Press any key to quit
Expected
Sample has value: True
Sample inner text: false
Sample value: DocumentFormat.OpenXml.Wordprocessing.OnOffOnlyValues.False or DocumentFormat.OpenXml.Wordprocessing.OnOffOnlyValues.Off
Press any key to quit
FYI - I caught this while testing out the Serialize.OpenXml.CodeGen library.
Interesting. @tomjebo can you take a look at the spec and weigh in here?
@rmboggs Can you share the section of the spec you were looking at?
I was referencing the first revision of the open xml ecma standard located here. Pdf Page 308 - cantSplit definition which references the possible values defined by the ST_OnOff simple type Pdf Page 1786 - ST_OnOff possible values which include the values I listed in the initial issue report above.
Please let me know if there are more questions.
Actually, I dug a bit deeper here as there are other elements that also have the same possible values. DocumentFormat.OpenXml.WordProcessing.Caps for example. It has the same set of possible values as the DocumentFormat.OpenXml.WordProcessing.CantSplit but they inherit from different base classes. Caps inherits from DocumentFormat.OpenXml.Wordprocessing.OnOffType while CantSplit inherits from DocumentFormat.OpenXml.Wordprocessing.OnOffOnlyType. Since it appears that OnOffType offers the appropriate values for this kind of element, I believe that changing CantSplit to inherit from OnOffType would solve this issue rather than rewrite the OnOffOnlyType class. I'm hoping this won't be a shocking/breaking change.
My gut says that's a breaking change. I'll dig into it too see. We'll probably do a v3 soon and can handle any breaking changes then
It makes sense to be cautious. I don't think this is urgent since the cantSplit class has been set this way for quite some time and the difference is being noticed now, in a non production environment. I have an idea how to get around this in my project so I should be ok. In the meantime, would it be ok to label this for the 3.0 release so it doesn't get lost.
@twsouthwick @rmboggs I think we have a mistake in the schema processing (backend). cantSplit looks like it was defined in our backend processing as CT_OnOffOnly which is not correct based on the ISO definition or what I see in the Office source schemas. I see it actually associated with both CT_OnOffOnly and CT_OnOff in our backend code and the former looks like it's overriding the latter. I think this is wrong. I'm not sure if correcting this to CT_OnOff would be breaking as it would be expanding the possible values, not taking any away. I'll need to check the other elements that are set to this type as well.

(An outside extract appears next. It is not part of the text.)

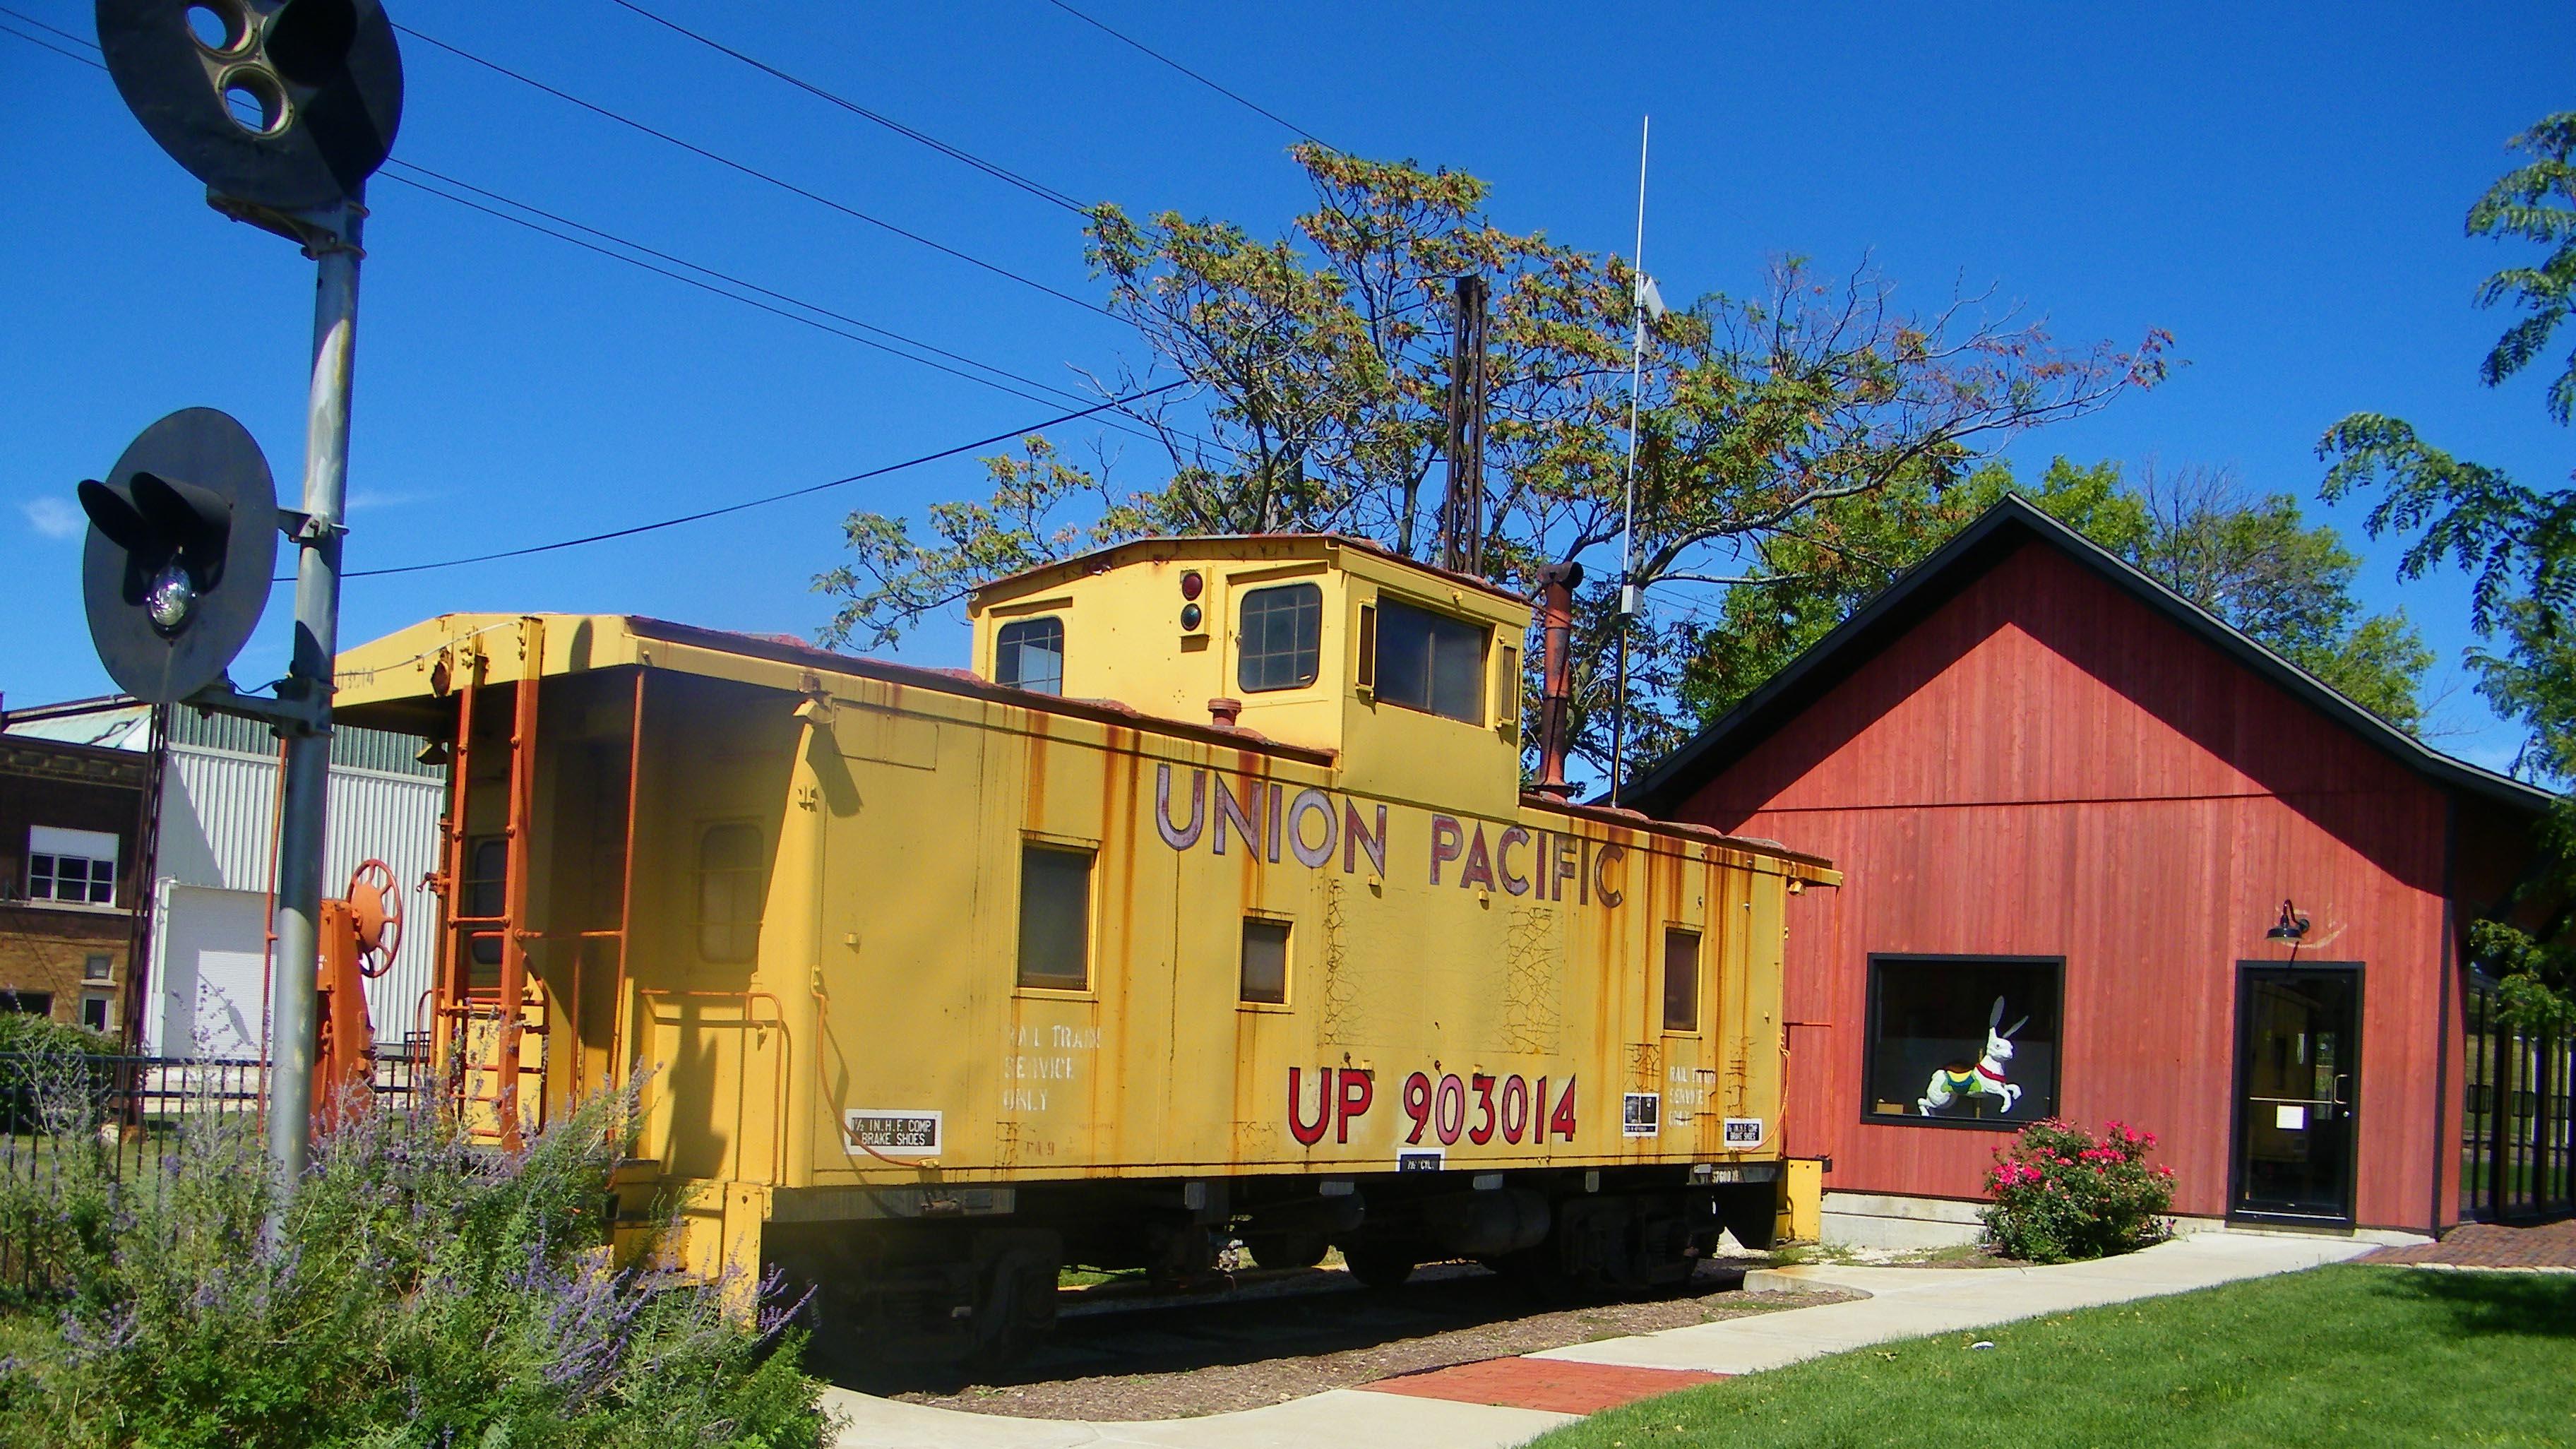 kankakee model railroad club and museum enjoy illinois

Thanks @tomjebo. Please let me know if you need more information on this.
This is definitely a v3.0 change as it will be a breaking change. We'll track this and get that in.
Thanks guys, I have a work around for my stuff in the meantime.
It's not the prettiest work around but it will do.
Hi,
I'm finding other non-enumvalue type properties that do not seem to be matching up to their values in some of the sample documents that I am testing against. Since they seem to be related to schema mismatches at first glance similar to this, should I append what I find to this issue or create a new one to keep things clean? Please let me know.
Yes, let's make this an uber-issue for those kind of issues. Then we can track it for v3.0
Ok, let me see if I can modify the title to be more broad in a bit.
In the meantime, I'm seeing more inconsistencies in the sample docx file mentioned at the beginning of this issue when compared to the ecma standard. First one is for the DocGrid.CharacterSpace property. The property type is set to Int32Value but the sample document attached has 4294961151 as its value in the SectionProperties element, which is out of range for that type.. When I check the ecma standard, it says the values for this type should be a positive/negative decimal number (defined in 2.18.16 ST_DecimalNumber (Decimal Number Value)) which is pretty vague in terms of what the minimum/maximum values should be. On the flip side, DivId.Val, which has the same definition as the DocGrid.CharacterSpace property in the ecma standard (2.18.16 ST_DecimalNumber (Decimal Number Value)), is setup as a StringValue type in the SDK. I have yet to check out the actual code for these two properties but if they are generated the same way as the CantSplit type, then there is another issue with the generation process. Chances are that the disconnect between the two properties is due to the ambiguity of the ecma schema definition but it should be looked at, imho.
Please let me know if more details are needed for this.